Provided data ->
%%

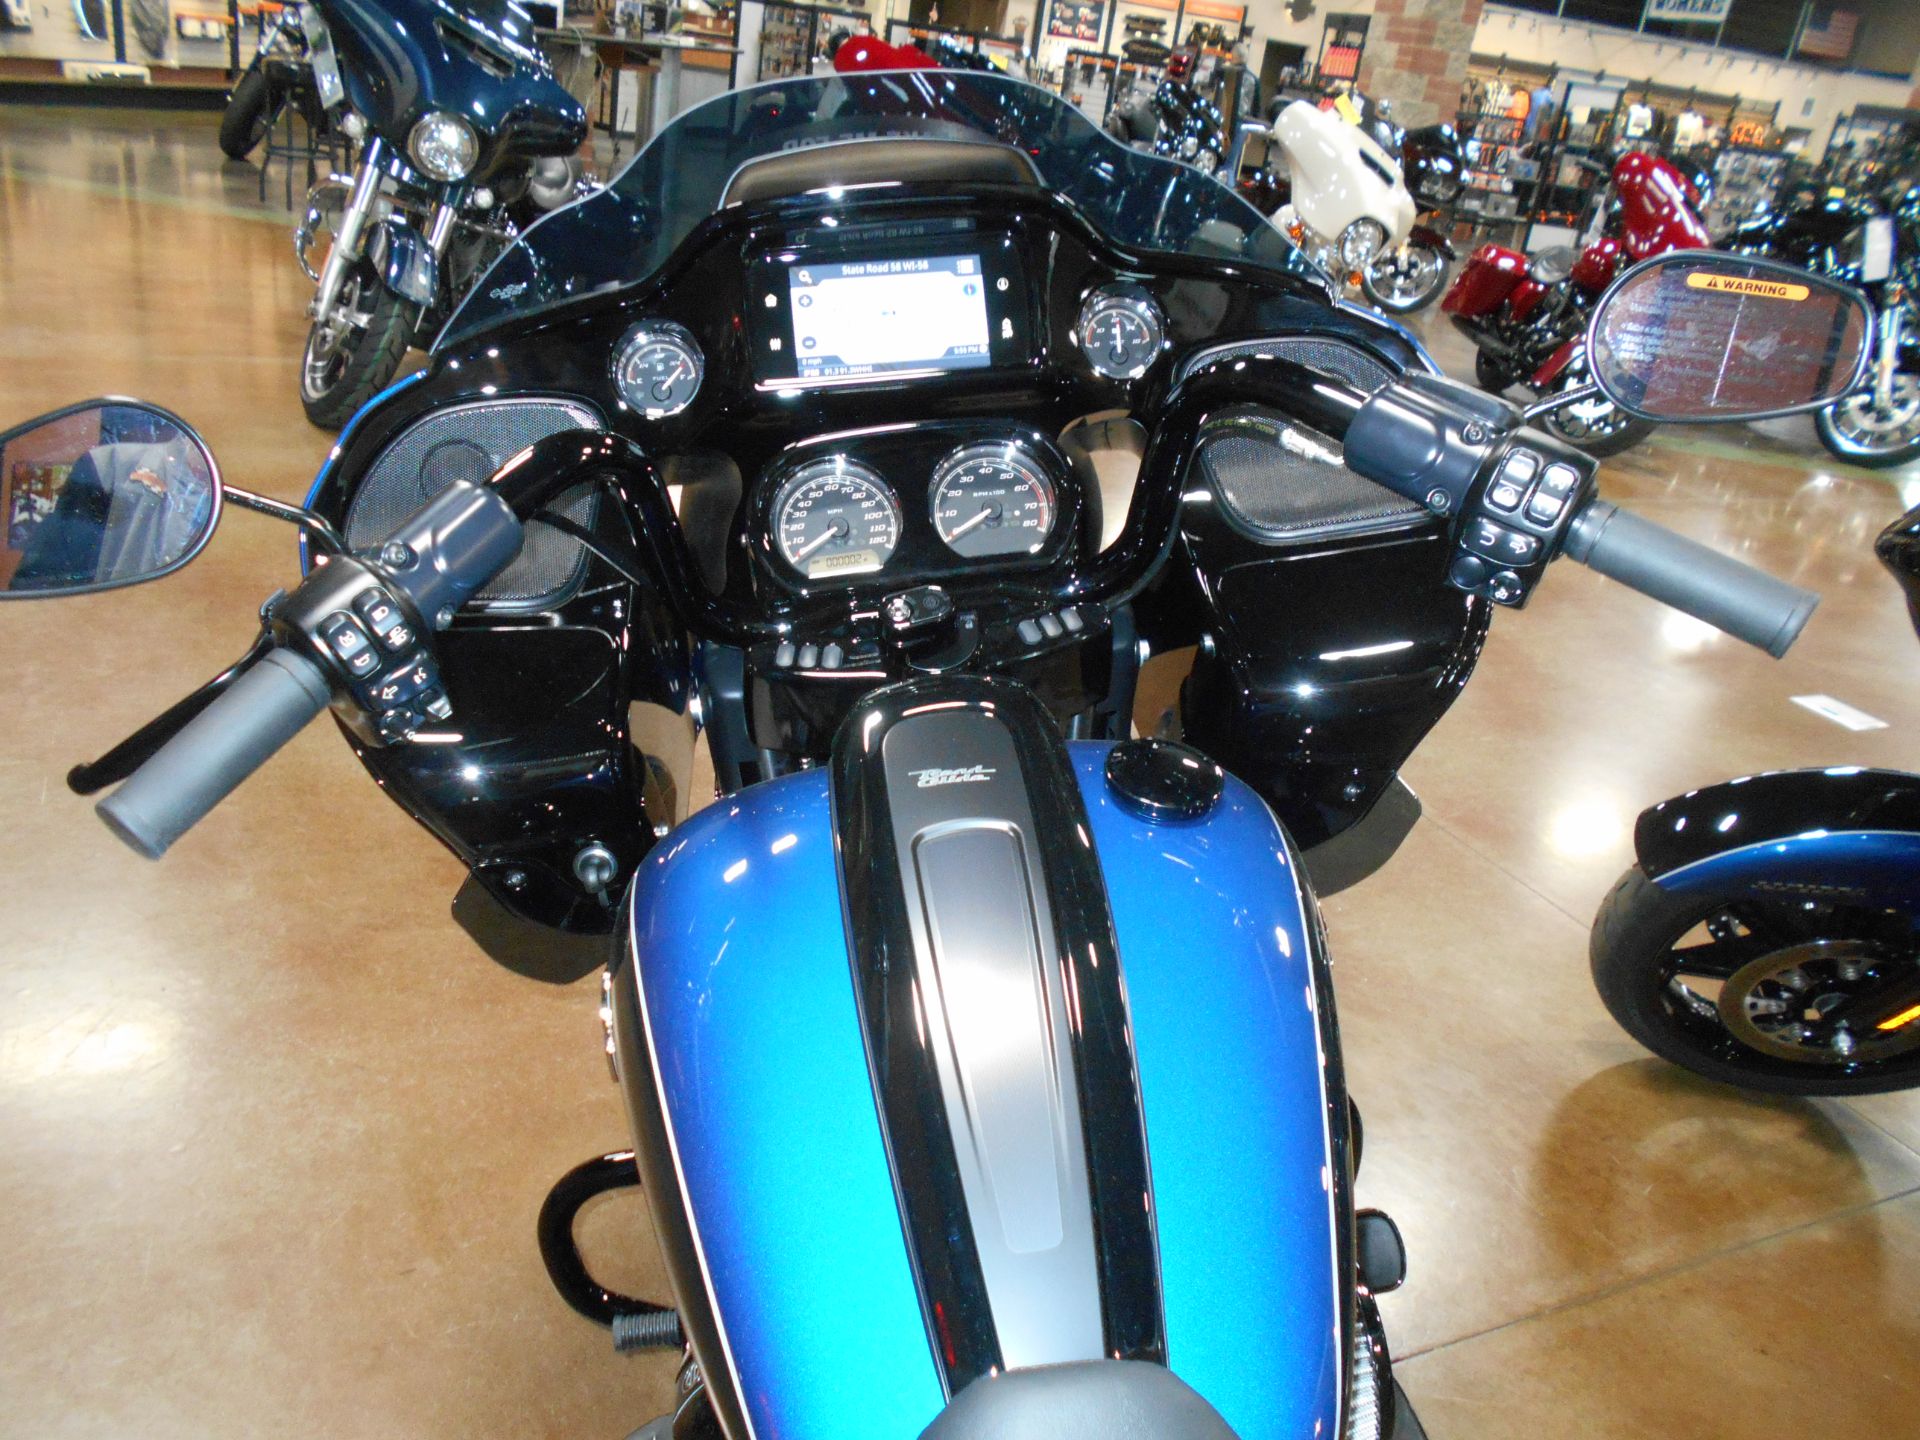 2022 Harley-Davidson Road Glide® Special in Mauston, Wisconsin - Photo 8
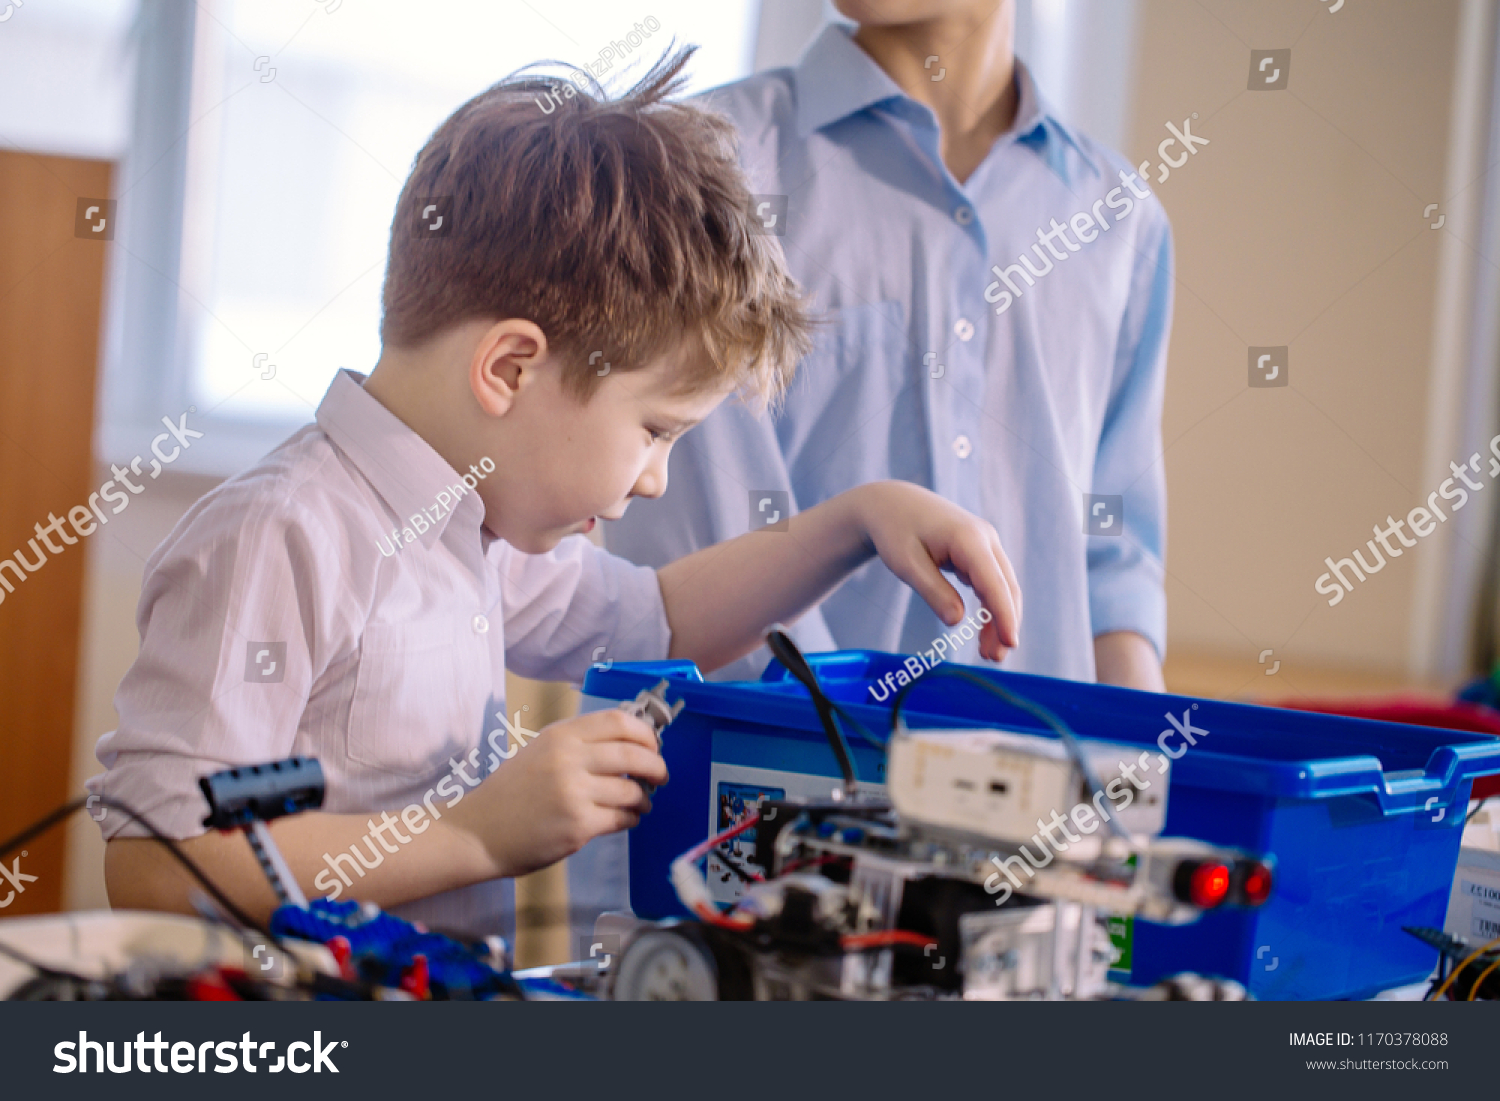 Fair haired cheerful little boy making a robot from metal parts and microcircuits, his brother helps him, close up. Happy emotion and enjoyment. #1170378088
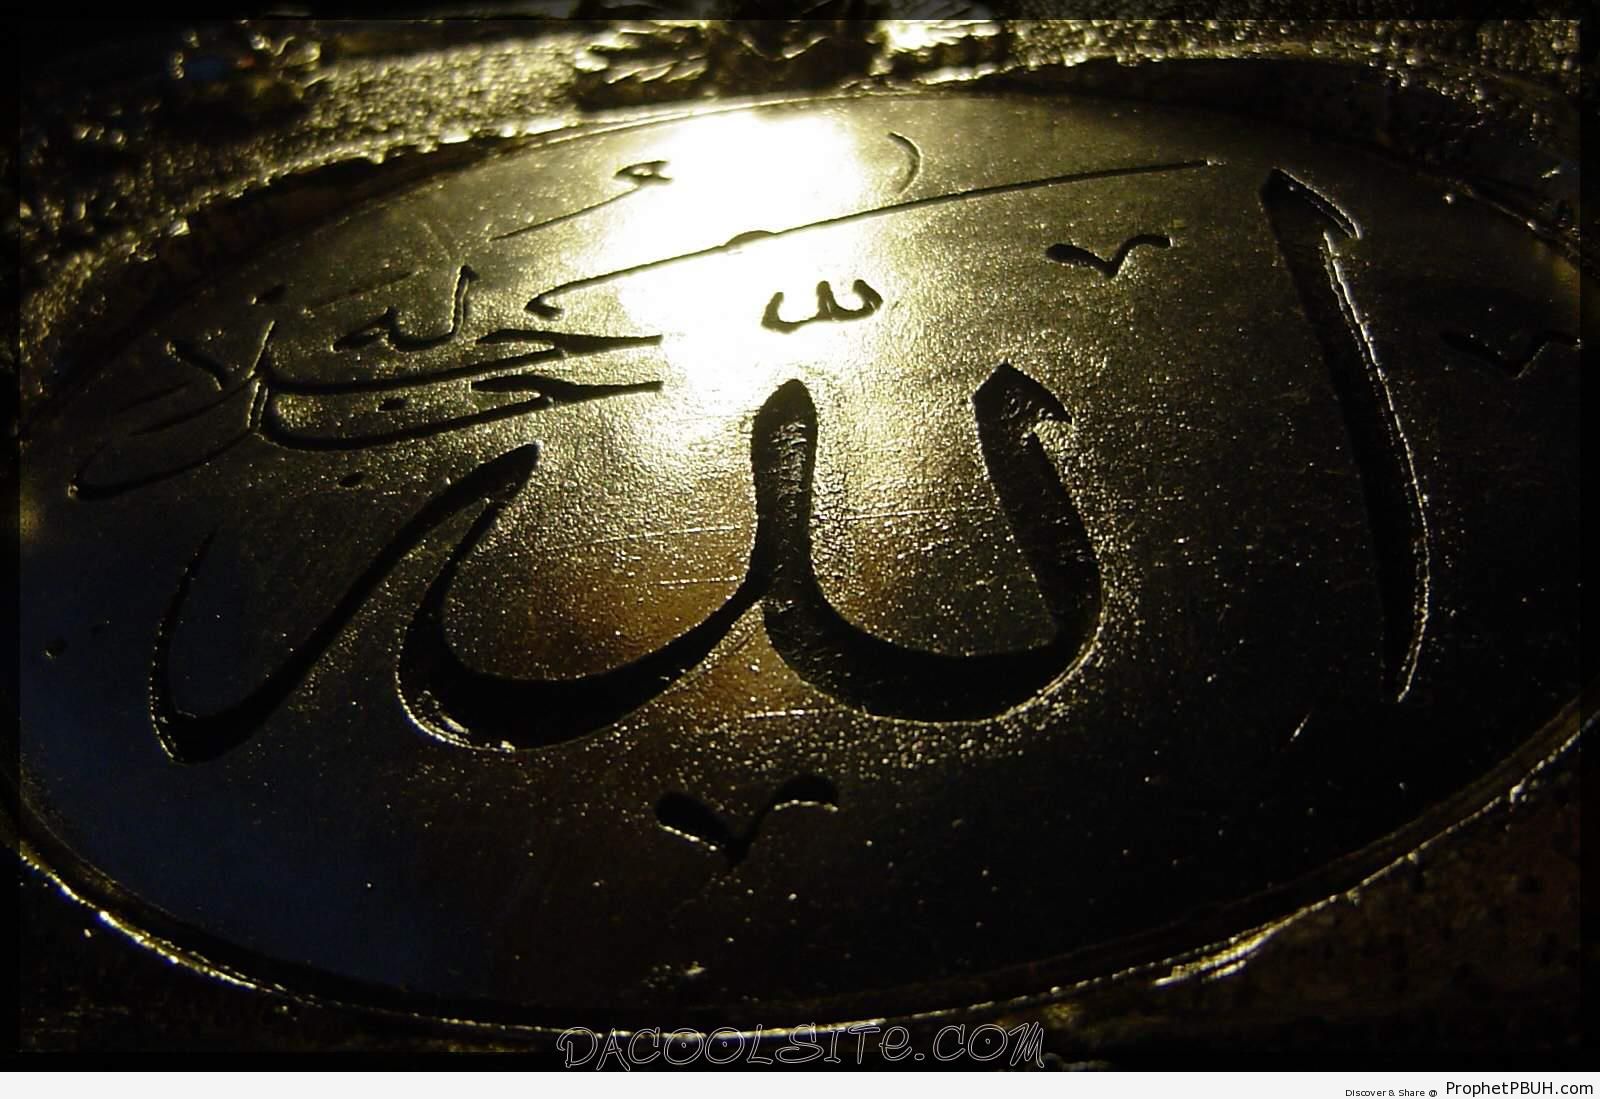 Allah Calligraphy Engraved on Metal With Specular Highlight - Allah Calligraphy and Typography 
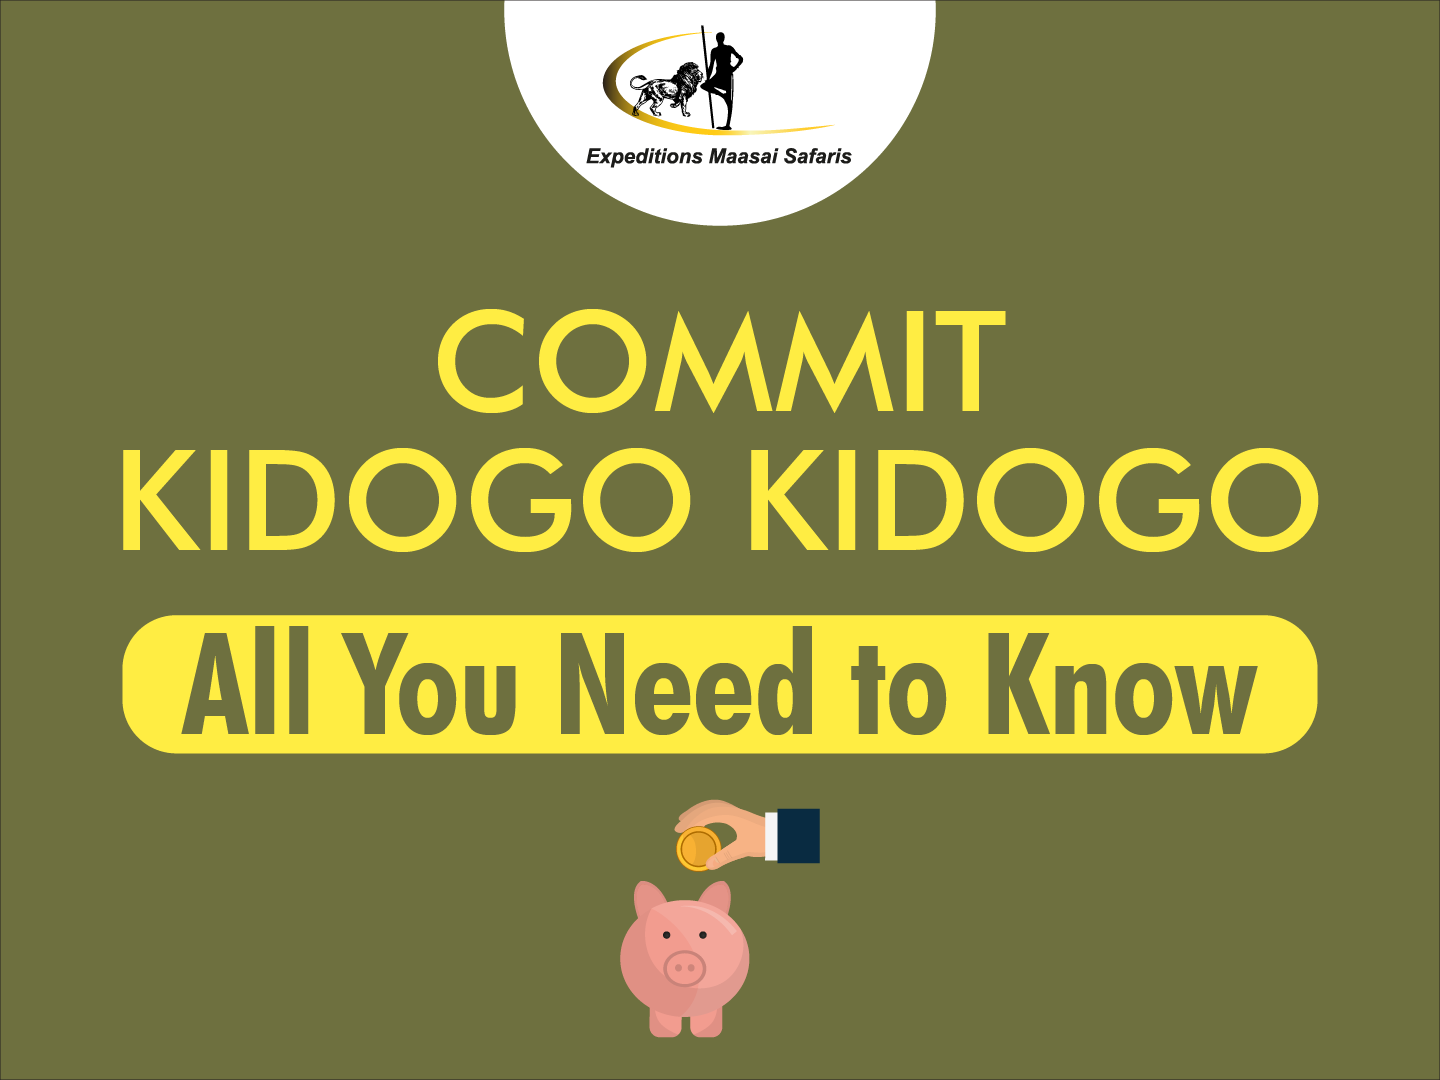 Commit Kidogo Kidogo is a flexible holiday payment plan provided by Expeditions Maasai Safaris. It enables all our customers to pay for their dream holidays in installments.

%%

Everything in the data above gets copied exactly. Only the pictures are skipped.

 2022 Harley-Davidson Road Glide® Special in Mauston, Wisconsin - Photo 8
 Fair haired cheerful little boy making a robot from metal parts and microcircuits, his brother helps him, close up. Happy emotion and enjoyment. #1170378088
 Allah Calligraphy Engraved on Metal With Specular Highlight - Allah Calligraphy and Typography 
 Commit Kidogo Kidogo is a flexible holiday payment plan provided by Expeditions Maasai Safaris. It enables all our customers to pay for their dream holidays in installments.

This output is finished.